Asus ROG Strix Scar 18 (2025) G835LX 18
Buy Asus ROG Strix Scar 18 (2025) G835LX 18" Intel Core Ultra 9 275HX 2.7GHz / Nvidia GeForce RTX 5090 Laptop / 32GB RAM / 2TB SSD if...

Buy the Asus ROG Strix Scar 18 (2025) G835LX 18″ Intel Core Ultra 9 275HX 2.7GHz / Nvidia GeForce RTX 5090 Laptop / 32GB RAM / 2TB SSD if you want a lighter, more compact gaming laptop with an anti-reflection display, Dolby Atmos support, and 3D facial recognition at a lower entry-level RAM and storage configuration.

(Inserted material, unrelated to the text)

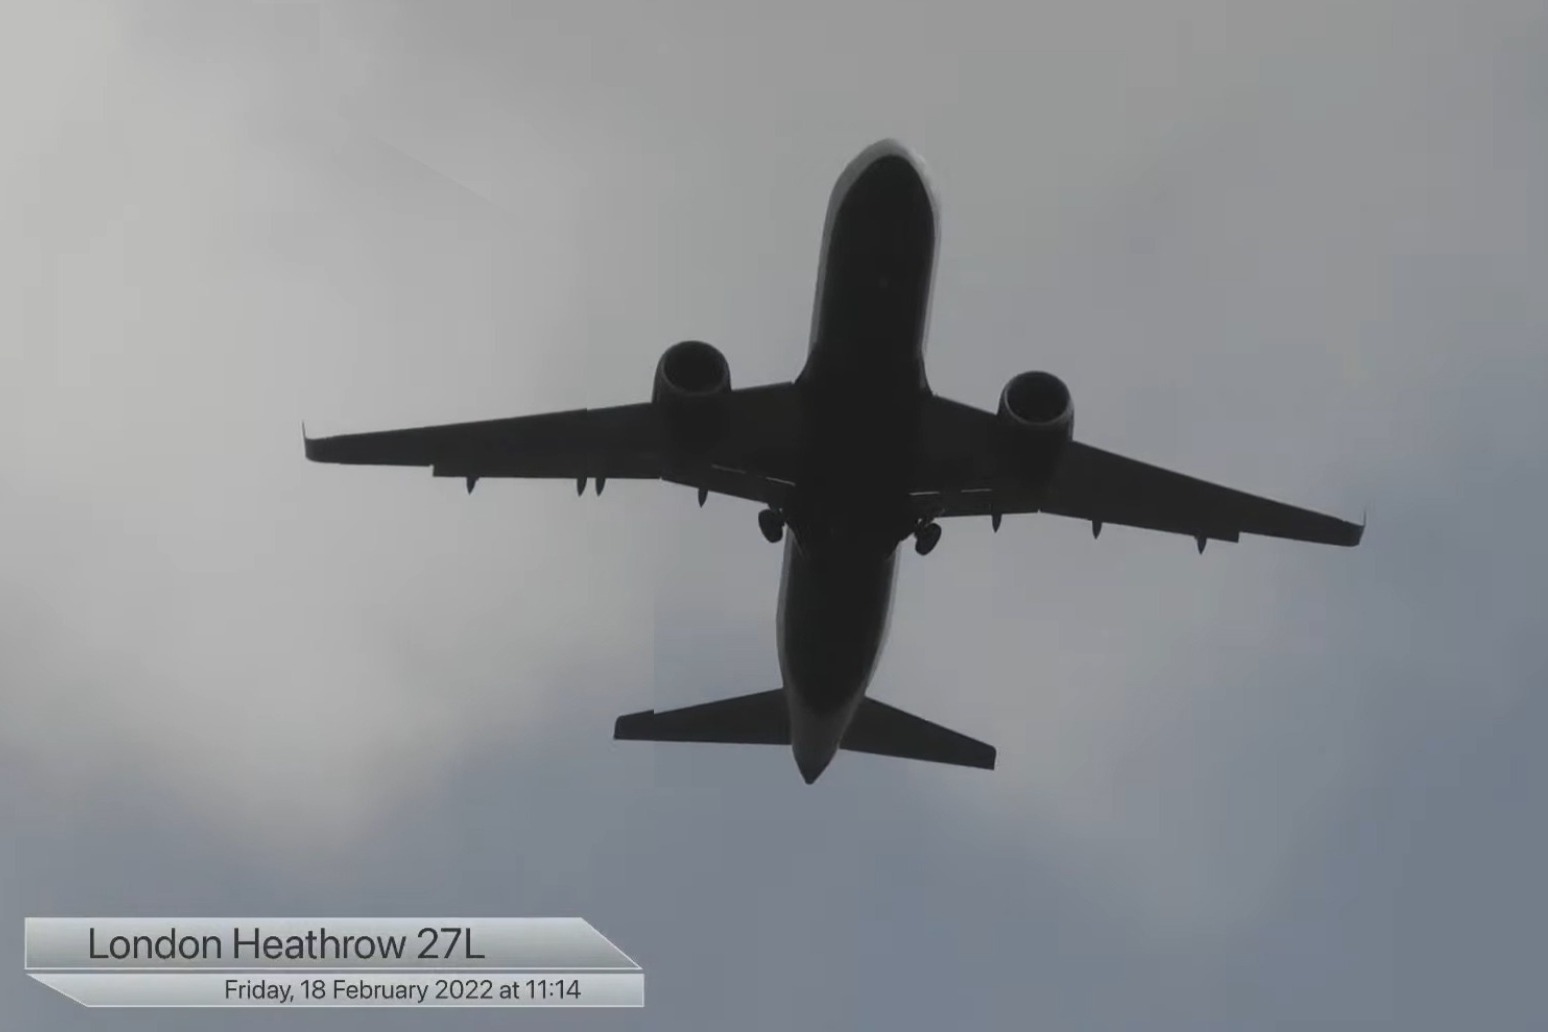 Big Jet TV: Thousands tune in to watch flights landing at Heathrow amid storm

MSI Titan 18 HX AI A2XW (2025) 18
Buy MSI Titan 18 HX AI A2XW (2025) 18" if...

Buy the MSI Titan 18 HX AI A2XW (2025) 18″ if you need maximum memory with 96GB of RAM, vastly more internal storage at 6TB, a sharper 4K display, and higher benchmark scores for demanding creative or professional workloads alongside elite gaming performance.